Era el padre Fajardo un guipuzcoano de gran energía de carácter y extremado en sus pasiones. No amaba ni aborrecía á medias, sino por entero.
Enfermóse de gravedad, y el físico del convento dispuso que se le administrase. Con tal motivo prior y provincial acordaron hacerle una visita en su celda y reconciliarse con él, fiados en que también el moribundo, listo como estaba para el supremo trance, echaría pelillos al agua y les daría un abrazo de perdón y despedida.
Llegaron los visitantes, sentáronse frente al lecho del enfermo, hablúse de generalidades, y al tratarse de la dolencia que aquejaba al padre Fajardo, dijo éste: —Padre provincial, si su paternidad no pone óbice, desearía que me otorgara licencia para emprender un viaje.
—Concedida, hermano, concedida.
—Si no fuere abusar de su bondad, padre provincial, también le suplicaría me acordase por compañeros de viaje á los dos religiosos que yo elija.
Suponiendo siempre el provincial que se trataba de un viaje de convalecencia en alguno de los pueblecitos vecinos á la ciudad, le contestó: —Con mucho gusto. Eso y inás que su paternidad desee, délo por otorgado.

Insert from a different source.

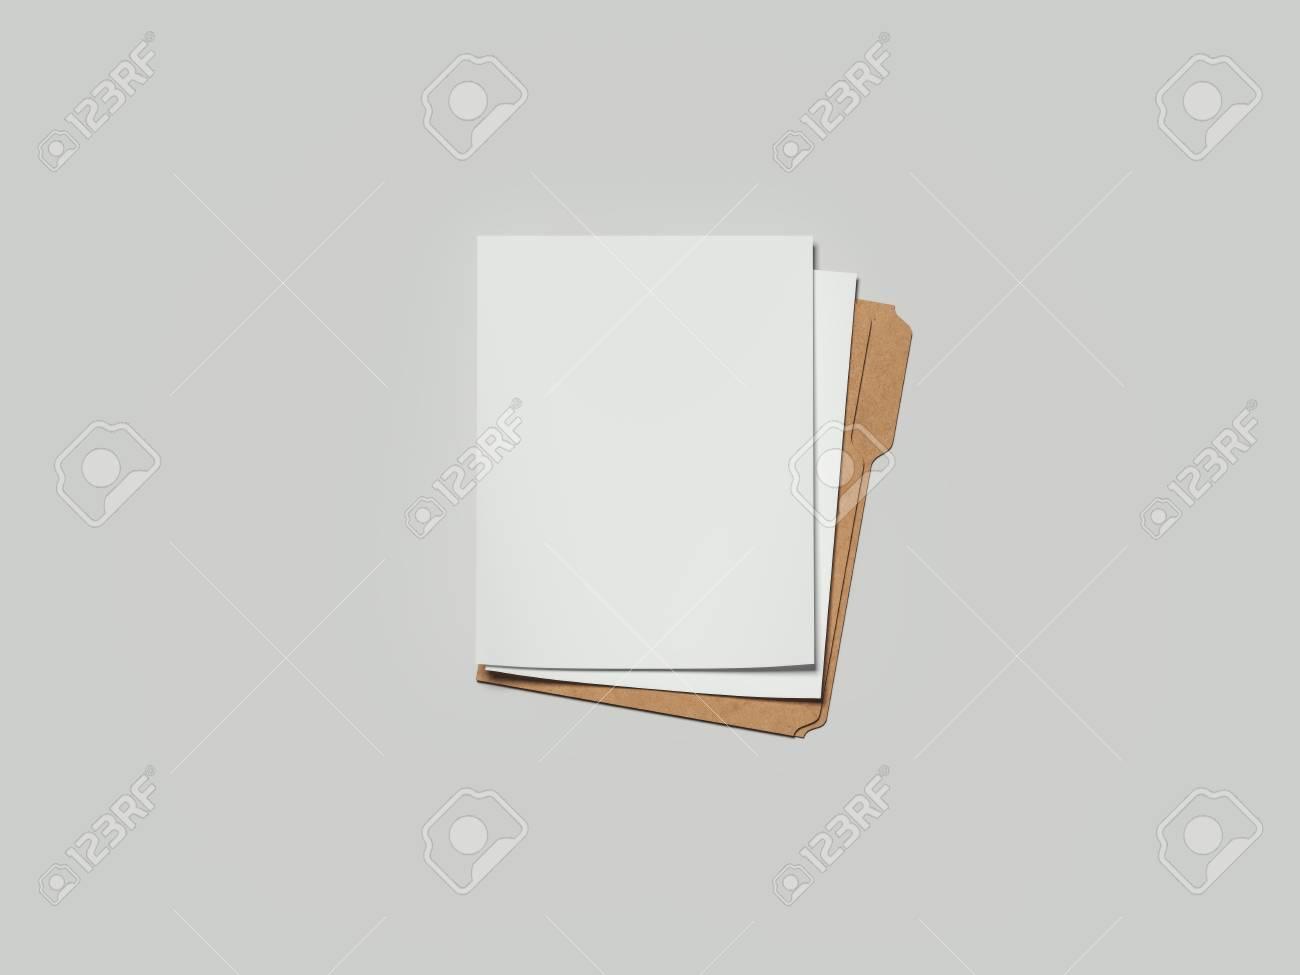 Cardboard folder with paper, 3d rendering - 100270284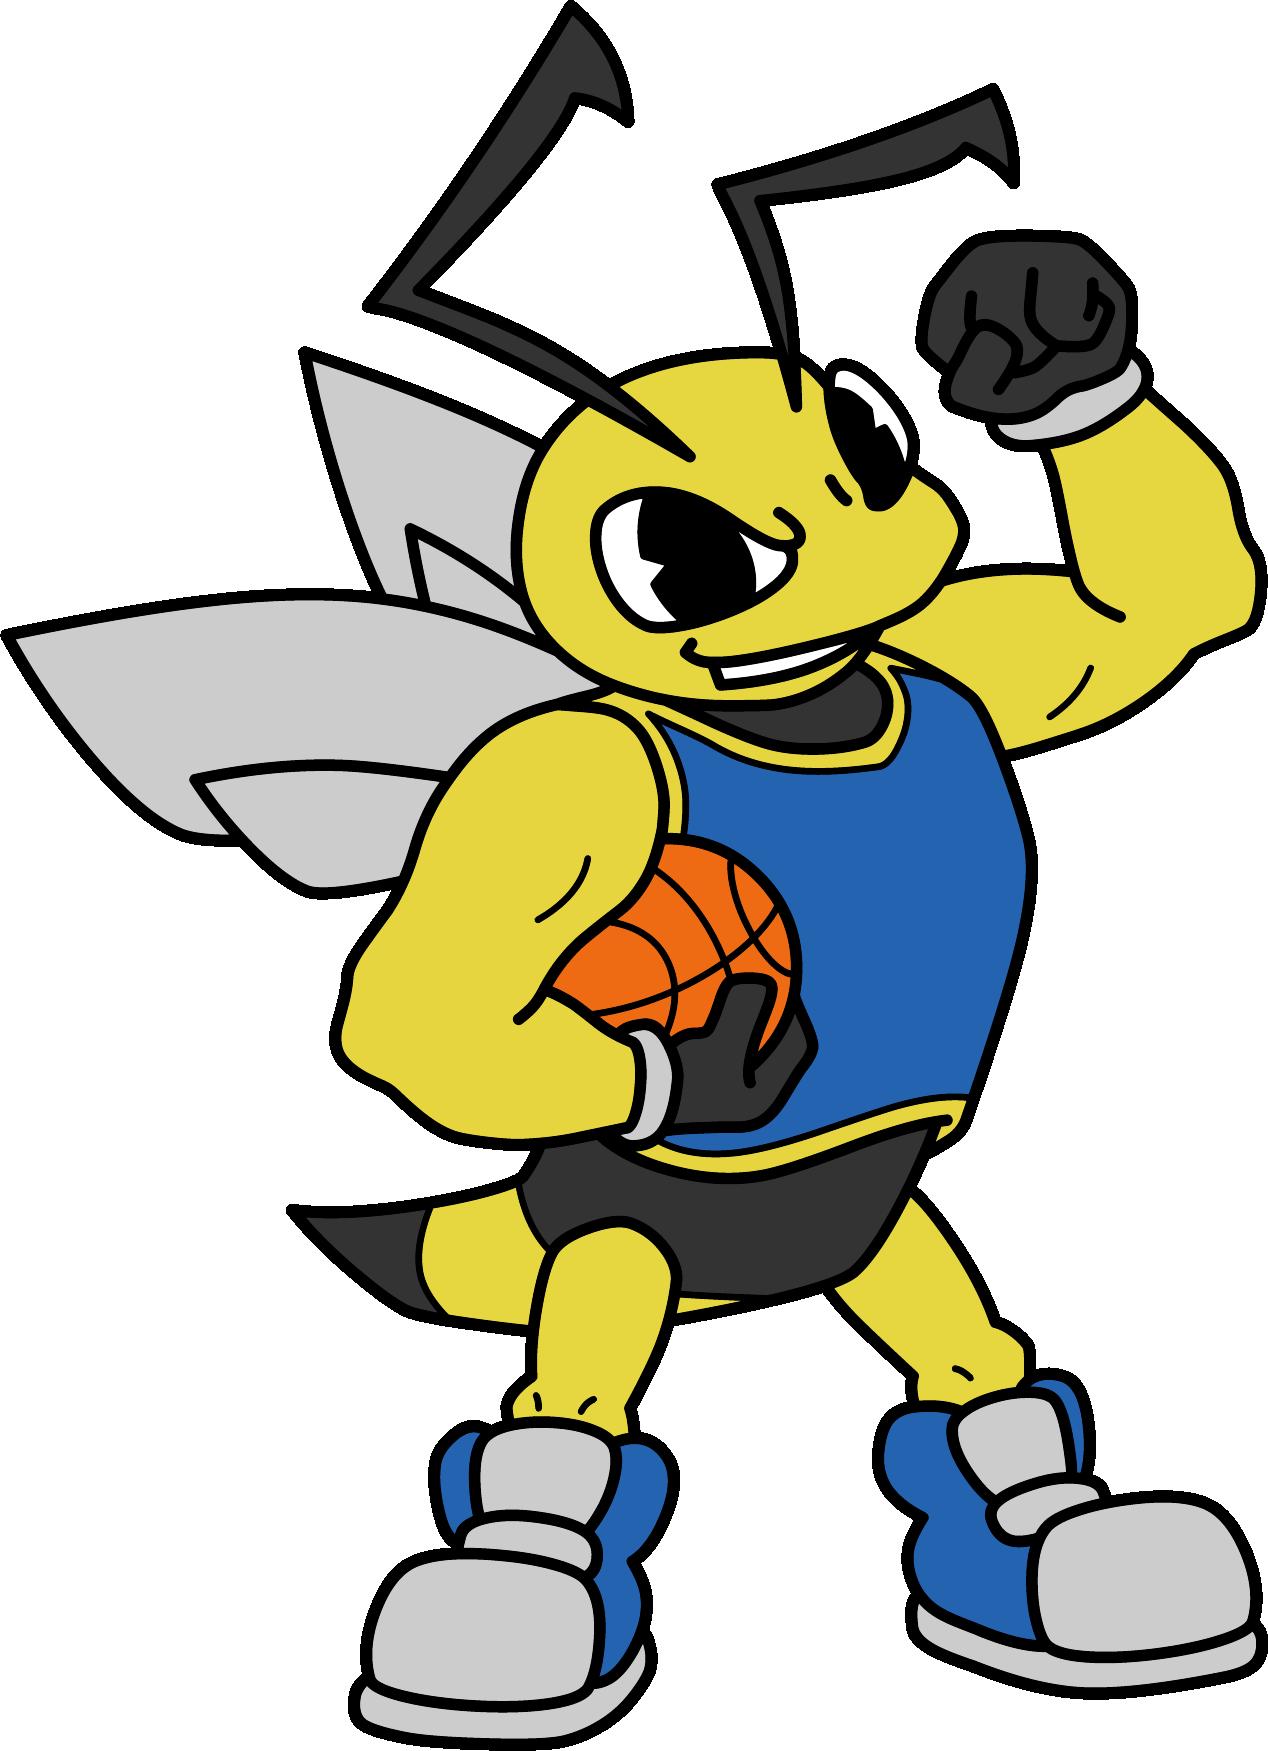 Ebees - Mascot

Y quedaron en silencio por algunos minutos, hasta que el prior, movido por la curiosidad, se aventuró á preguntar: —¿Y adónde es el viaje y quiénes son los compañeros?
Entonces el enfermo, incorporándose sobre las almohadas, dijo con voz terrorífica: —Padres! Mi viaje es mañana para la eternidad, y los dos religiosos que han de acompañarme son vuesas paternidades. Tenemos los tres cuentas que arreglar ante el supremo tribunal de Dios.
Yo no habría hecho de este suceso tema para una tradición, si el formal y verídico cronista en cuyo libro la he leído no añadiera: «;Juicios misteriosos de Dios! Los tres murieron en plazo menor de treinta días. »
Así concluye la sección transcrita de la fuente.